[Assignment]
Write out the data exactly as given, dropping every picture.

[Given information]
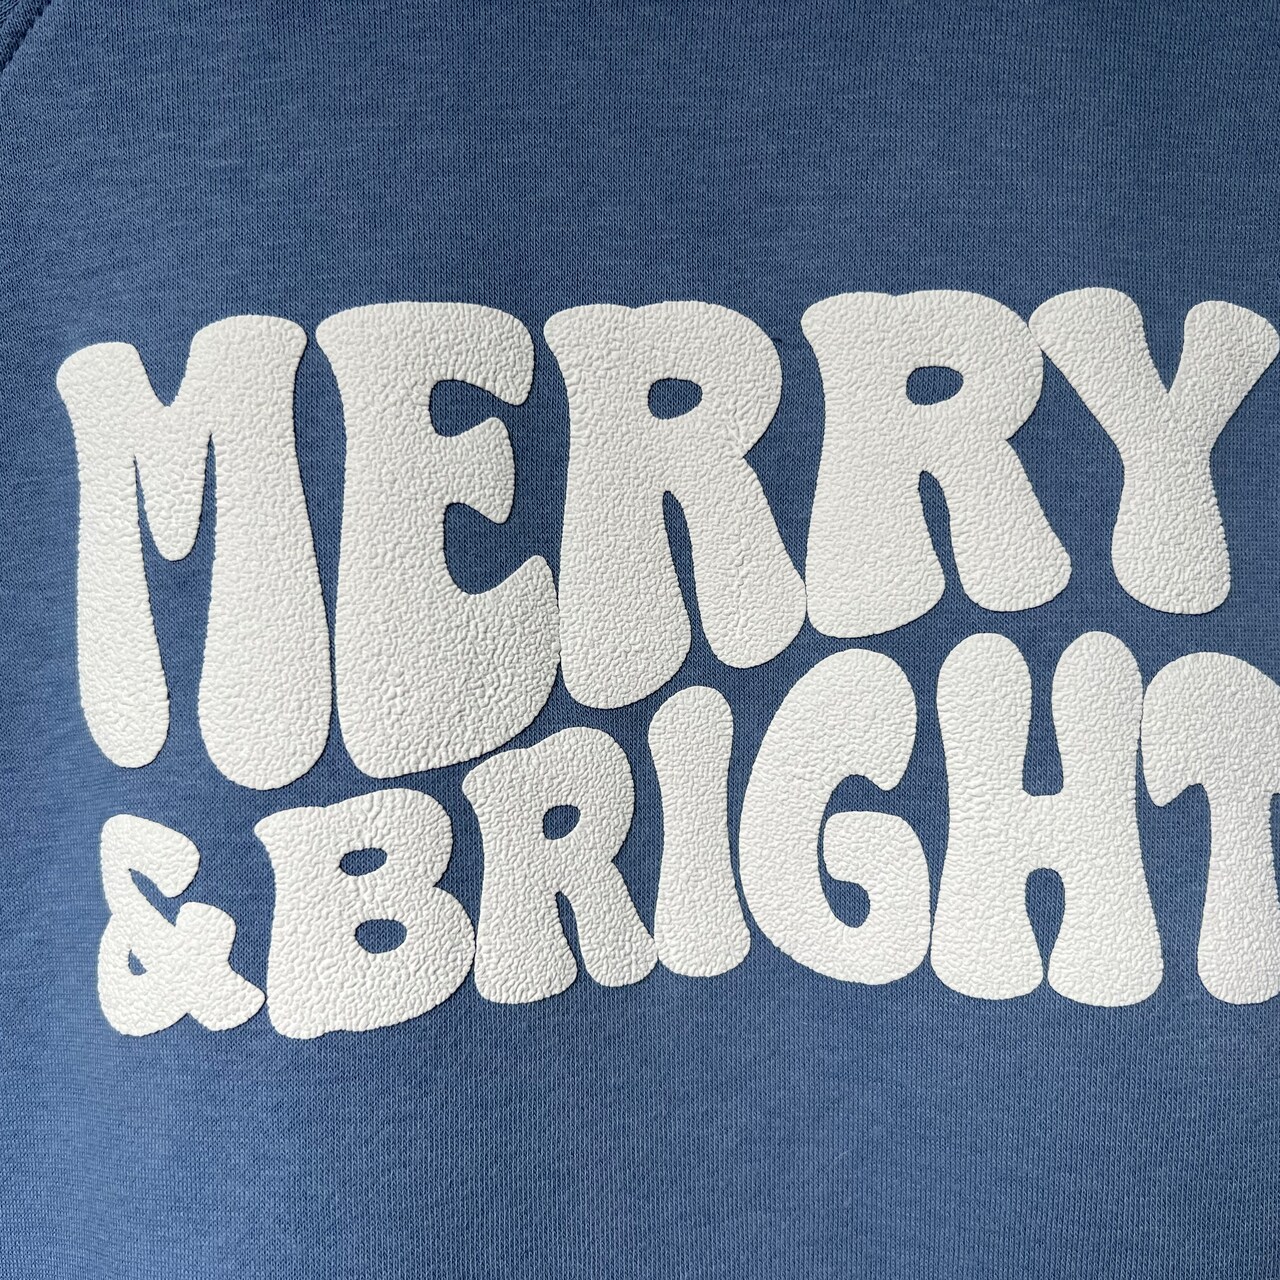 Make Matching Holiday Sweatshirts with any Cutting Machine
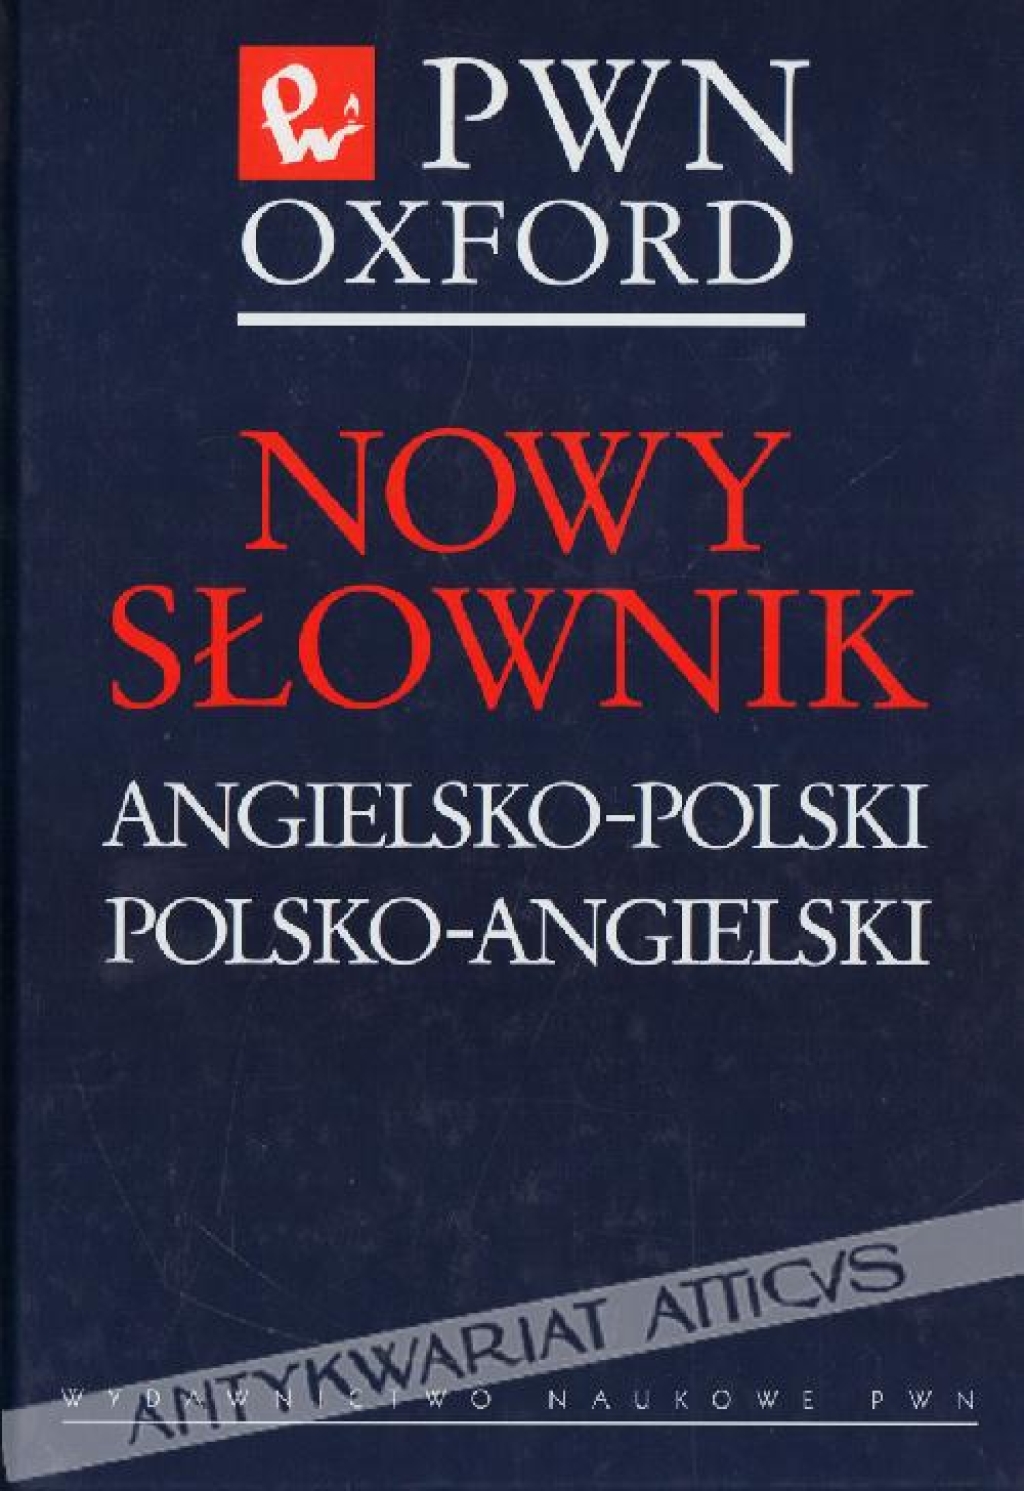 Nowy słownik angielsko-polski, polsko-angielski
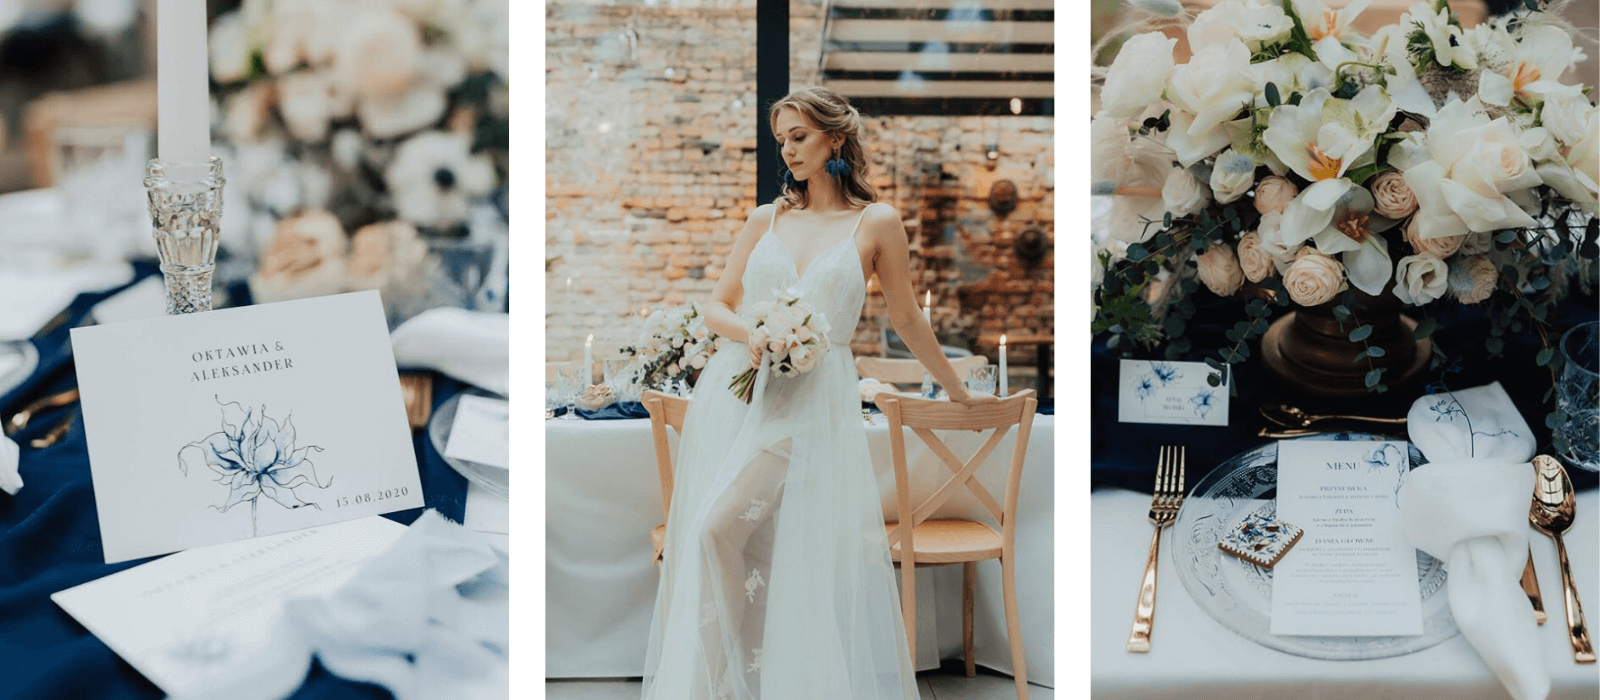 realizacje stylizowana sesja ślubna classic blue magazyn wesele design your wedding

[Answer to the exercise]
 Make Matching Holiday Sweatshirts with any Cutting Machine
 Nowy słownik angielsko-polski, polsko-angielski
 realizacje stylizowana sesja ślubna classic blue magazyn wesele design your wedding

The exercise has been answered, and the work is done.